Даниил перегнулся через стол и принялся втолковывать свой взгляд на княжеские дела, с радостью подмечая, как тает холодок в глазах племянника:
— Не та теперь Русь, что была при батюшке твоем, совсем не та. Владимирское княжество, опора всякого великого князя, силу потеряло. Не по плечу нынче Владимиру властвовать над Русью. Опору теперь нужно искать лишь в своем собственном княжестве, крепить его, расширять. Будешь своим княжеством силен, можно и о стольном Владимире подумать, но не менять на него свое княжество, а к своему княжеству присоединять, как добавку! Но и для Москвы, и для Переяславля не скоро такое будет возможным. На десятилетия счет придется вести! А пока наше дело — сохранить имеющееся. Запомни накрепко: в одиночку ни Переяславлю, ни Москве против великого князя Андрея не выстоять! В единении спасение! Как пальцы, в кулак сжатые! В железную боевую рукавицу затянутые! Всесокрушающие! Дружбу тебе предлагает Москва. Не отталкивай ее!..
Иван растроганно всхлипнул:
— Единым сердцем и единой душою буду с тобой, княже!
Даниил расстегнул ворот рубахи, вытащил золотой нательный крест, протянул Ивану:
— Се крест деда твоего и отца моего, благоверного князя Александра Ярославича Невского. Поцелуем крест на взаимную дружбу и верность!
Иван благоговейно прикоснулся к кресту губами, в его глазах блеснули слезы.
— На дедовском кресте клятва нерушима? — строго, почти угрожающе возгласил князь Даниил. — Аминь…

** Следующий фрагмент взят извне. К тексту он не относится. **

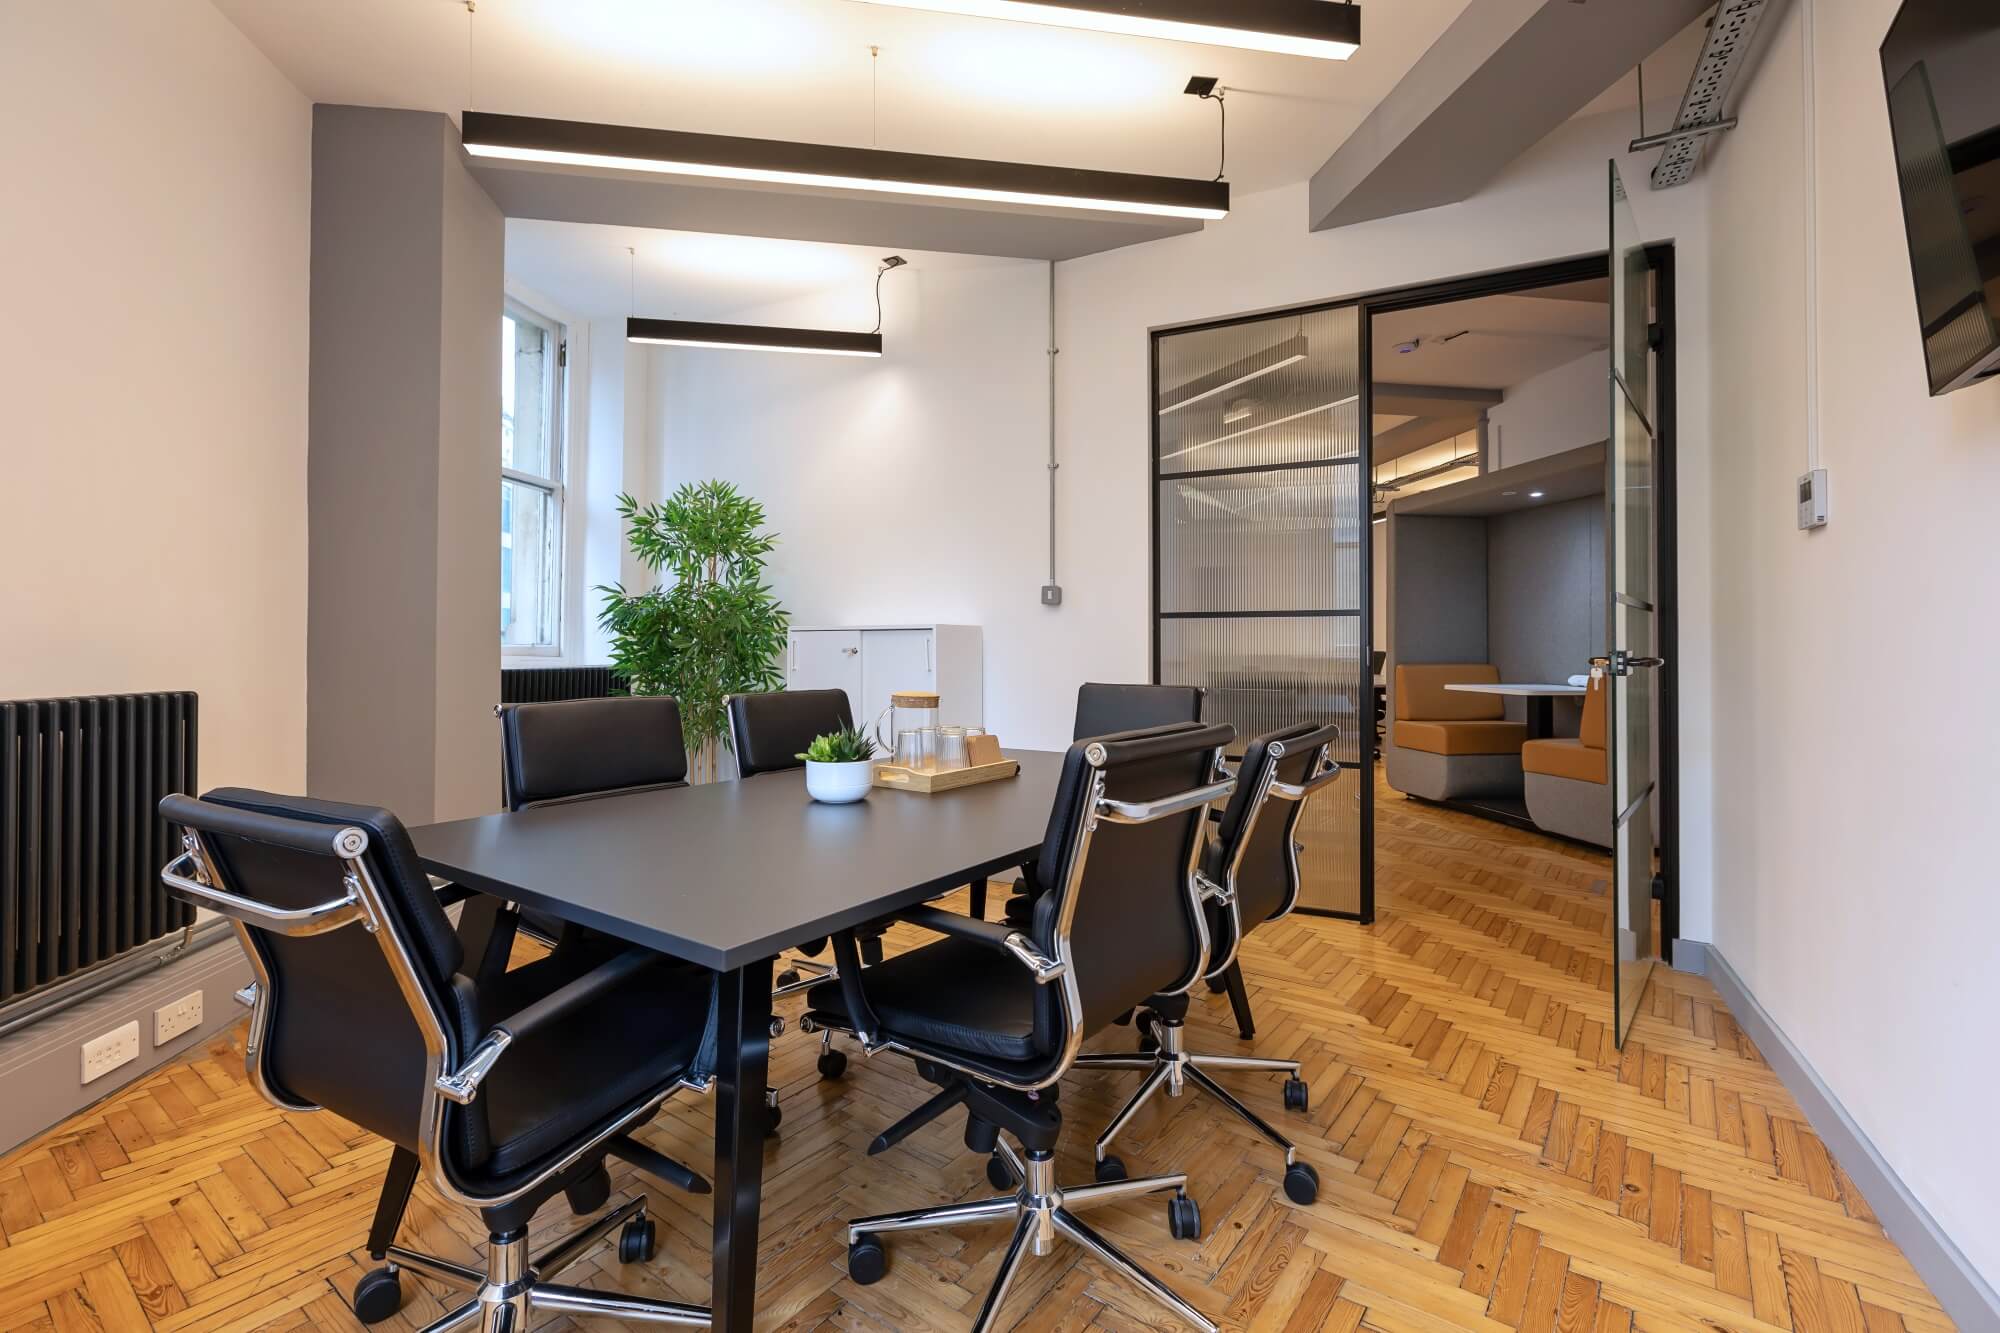 Industrial Style Meeting Room Design

Потом Даниил откинулся на скамью, обтер платком вспотевший лоб, вздохнул облегченно: «Наконец-то!» Продолжил уже спокойно, буднично:
— Конная рать с воеводой Ильей Кловыней пойдет следом за твоим обозом. Если понадобится — позови его, воевода знает, что делать. А лучше бы сам управился с великокняжескими наместниками. Андрею о нашем союзе ни к чему знать.
— Сделаю, как велишь…
— О кончине отца твоего, если в Переяславле не знают, молчи. Веди дело так, будто отец за тобой следом идет, а ты его опередил, чтобы перенять город у наместников отцовым именем…
— Сделаю, как велишь…
— Как в город войдешь, собирай людей из волостей, садись в крепкую осаду. Если князь Андрей ратью на тебя пойдет, шли гонцов в Москву.
— Спасибо, княже. Пошлю…
— Боярину Антонию пока не говори о решенном между нами.
— Не скажу, княже…
— Ну, с богом? — решительно поднялся Даниил. — На твердость твою уповаю, на верность родственную. Брат для брата в трудный час! Пусть слова эти условными между нами будут. Кто придет к тебе с этими словами — тот мой доверенный человек.
Даниил обнял племянника, еще раз шепнул на прощание:
— Будь тверд!..
Небо над лесом посветлело, но дождь продолжал сыпать как из сита, мелко и надоедливо.
То ли от непогоды, то ли от того, что не было больше подгоняющего азарта спешки, — обратная дорога показалась Даниилу бесконечно длинной.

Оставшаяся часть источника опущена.